The data below should be restated word for word, pictures omitted.
[Opening Material supplied section]
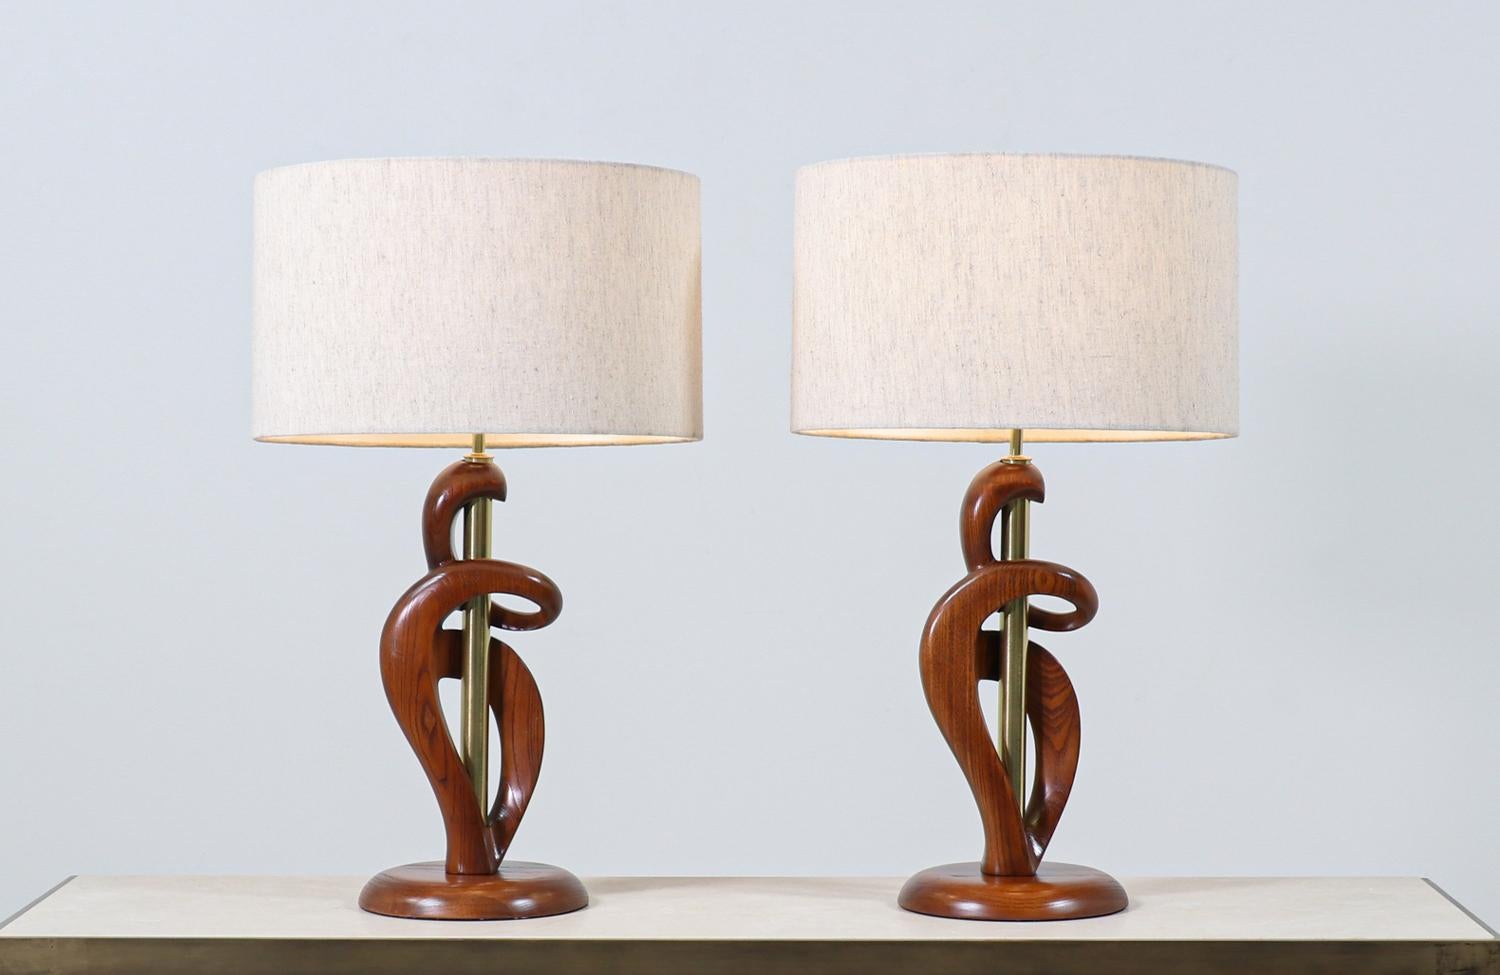 Designer: Lighthouse Light & Shade Co.
Manufacturer: Lighthouse Light & Shade Co.

Dimensions
28in H x 9in W x 9in D 
Lamp Shade: 12in H x 17in W.

________________________________________

Transforming a piece of Mid-Century Modern furniture is
[Closing Material supplied section]
* [The answer]:
 Designer: Lighthouse Light & Shade Co.
Manufacturer: Lighthouse Light & Shade Co.

Dimensions
28in H x 9in W x 9in D 
Lamp Shade: 12in H x 17in W.

________________________________________

Transforming a piece of Mid-Century Modern furniture is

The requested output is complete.